Malgré ce, M°ZIEGENFEUTER, avocat des demandeurs, a continué à formuler, dans ses conclusions du 30 décembre 2024, et même dans ses demandes postérieures du 15 septembre 2025 déclarées irrecevables, une demande indemnitaire au titre du préjudice moral subi par [J] [I].
La communication par M°MOUCHAN, avocat des défenderesses de l’acte de décès, bien qu’étant une information importante pour la procédure, n’emporte pas interruption de l’instance dans la mesure où la notification du décès d’une partie n’emporte interruption de l’instance que lorsqu’elle émane des héritiers du défunt.

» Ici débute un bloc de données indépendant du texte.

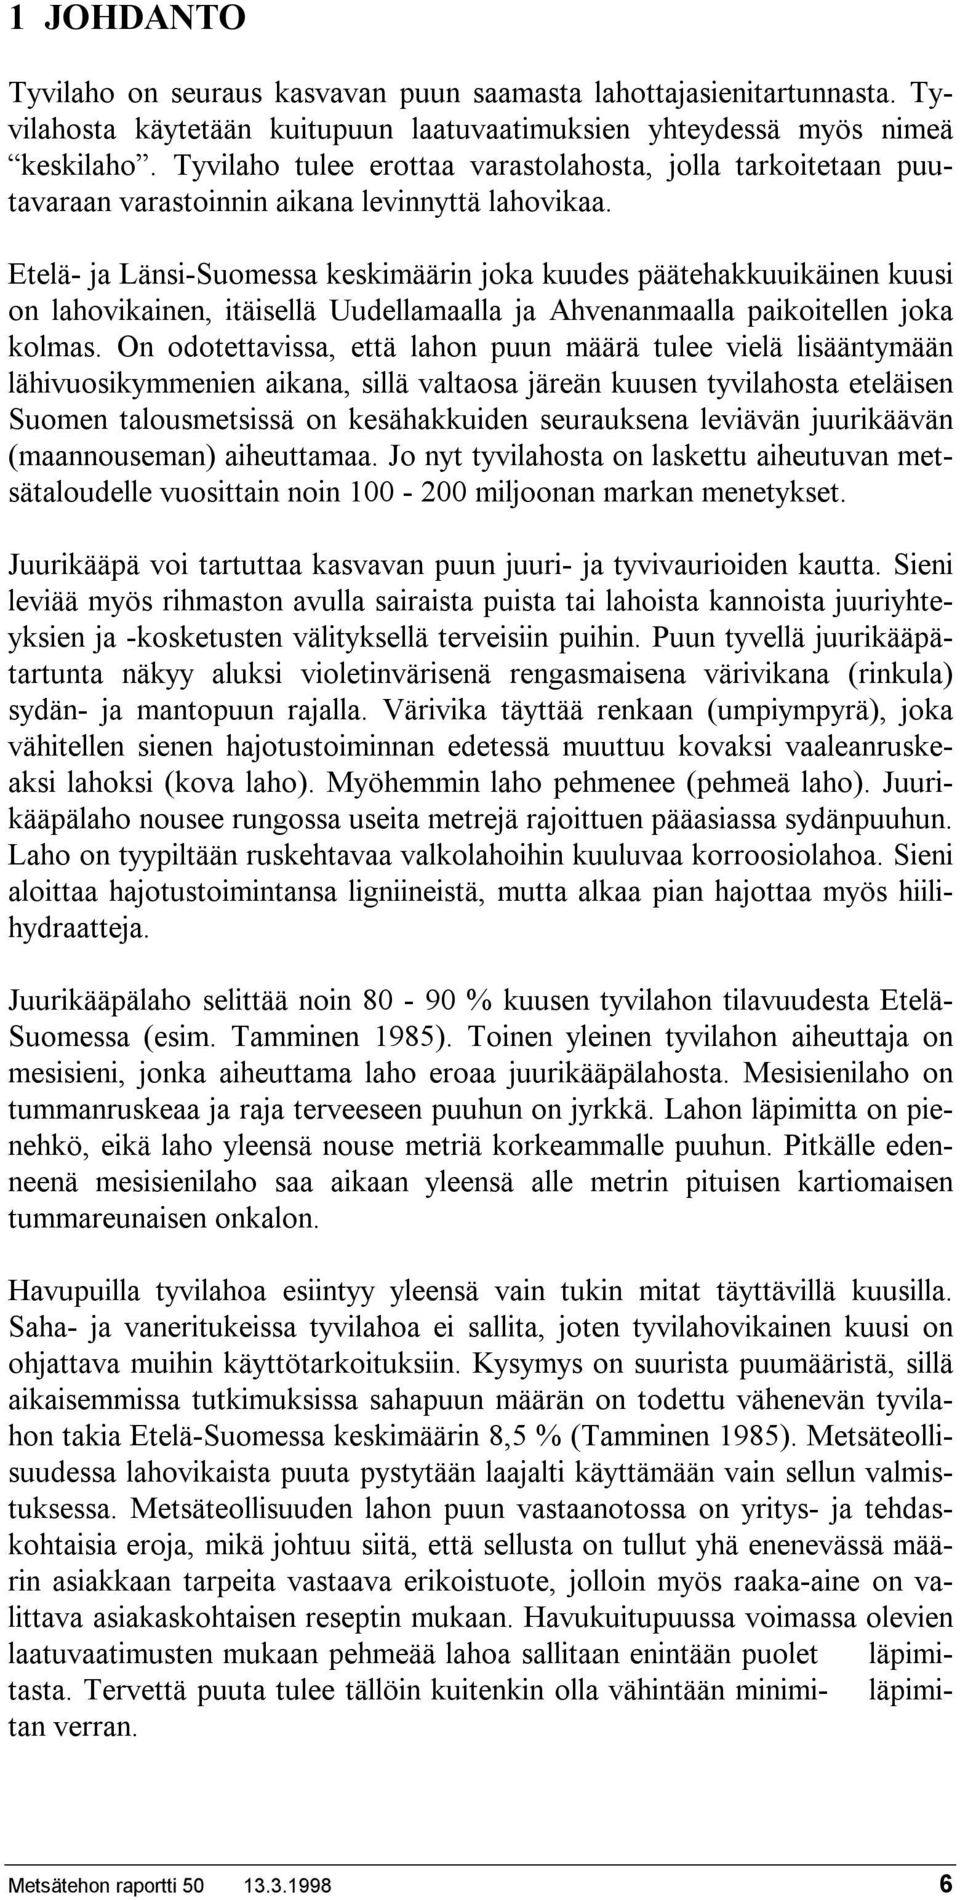 Etelä- ja Länsi-Suomessa keskimäärin joka kuudes päätehakkuuikäinen kuusi on lahovikainen, itäisellä Uudellamaalla ja Ahvenanmaalla paikoitellen joka kolmas.

En conséquence, l’action en indemnisation étant une action transmissible aux héritiers, il apparait opportun et nécessaire, dans le cadre de la réouverture des débats ci-dessus ordonnée, que M°ZIEGENFUNTER, avocat des demandeurs et notamment des deux autres ayants-droit de feue [CY] [B] ( sa fille et son gendre), intervienne, s’il est mandaté pour ce faire, aux noms des ayants-droit de son client, feu [J] [I], avec justificatifs de leur qualité respective d’héritiers ( acte de notoriété), à défaut il en sera tiré toutes conséquences de droit.
PAR CES MOTIFS :
Le tribunal statuant publiquement, par jugement contradictoire, mixte, en premier ressort, prononcé par mise à disposition au greffe,
Vu les articles 802 et 803 du code de procédure civile,
En l’absence de cause grave justifiée ni même alléguée survenue après l’ordonnance de clôture, rejette la demande de révocation de l’ordonnance du 21 janvier 2025 ayant fixé la nouvelle clôture au 15 septembre 2025,
En conséquence, déclare irrecevables les dernières conclusions notifiées par le RPVA le 15 septembre 2025, jour même de la clôture, par les ayants-droit de [A] [G] [Q], [CY] [B] et [LH] [S],
Vu l’acte de décès de [J] [I], frère de feu [CY] [B], le [Date décès 2] 2024, communiqué par M°MOUCHAN, avocate des sociétés défenderesses, le 16 avril 2025,
Dit que l’instance n’est pas interrompue, faute pour le décès d’avoir été notifié par l’avocat des demandeurs pour le compte des héritiers de feu [J] [I],
Rejette les fins de non-recevoir tirées de la prescription décennale et de la prescription triennale, édictées respectivement par les articles 1245-15 et 1246-16 du code civil,
Avant-dire-droit sur la fin de non-recevoir tirée du défaut d’intérêt à agir ainsi que sur l’autorité de la chose jugée et sur le fond, ordonne le renvoi de l’affaire à l’audience de mise en état dématérialisée du lundi 11 mai 2026 à 9h30, afin :
➔ d’une part, que les ayants droit de [A] [G] [Q], [CY] [B] et [LH] [S] versent aux débats :
— les protocoles transactionnels signés entre ces derniers et la société AXA CORPORATE SOLUTIONS ASSURANCE, devenue XL INSURANCE COMPANY et/ou la société HELI AIR [Localité 6], en 2020, ou à toute autre date, concernant les préjudices par eux subis du fait du décès de [A] [G] [Q] , [CY] [B] et [LH] [S] dans l’accident d’hélicoptère du [Date décès 1] 2004,
— les quittances relatives à ces accords précisant la nature, la date et le montant des indemnisations versées,
— tous documents justificatifs relatifs aux demandes formulées par certains d’entre eux au titre de leur préjudice matériel et économique,
➔ d’autre part, que M° ZIEGENTFEUTER, avocat des demandeurs , intervienne, s’il est mandaté pour ce faire, aux noms des ayants-droit de feu [J] [I], avec justificatifs de leurs qualité d’héritiers (acte de notoriété), à défaut de quoi il en sera tiré toutes conséquences ce droit,
Sursoit à statuer sur le surplus des demandes,
Vu l’ancienneté du litige, ordonne l’exécution provisoire du présent jugement,
Réserve les dépens et l’article 700 du code de procédure civile.
Et la Présidente a signé avec la greffière.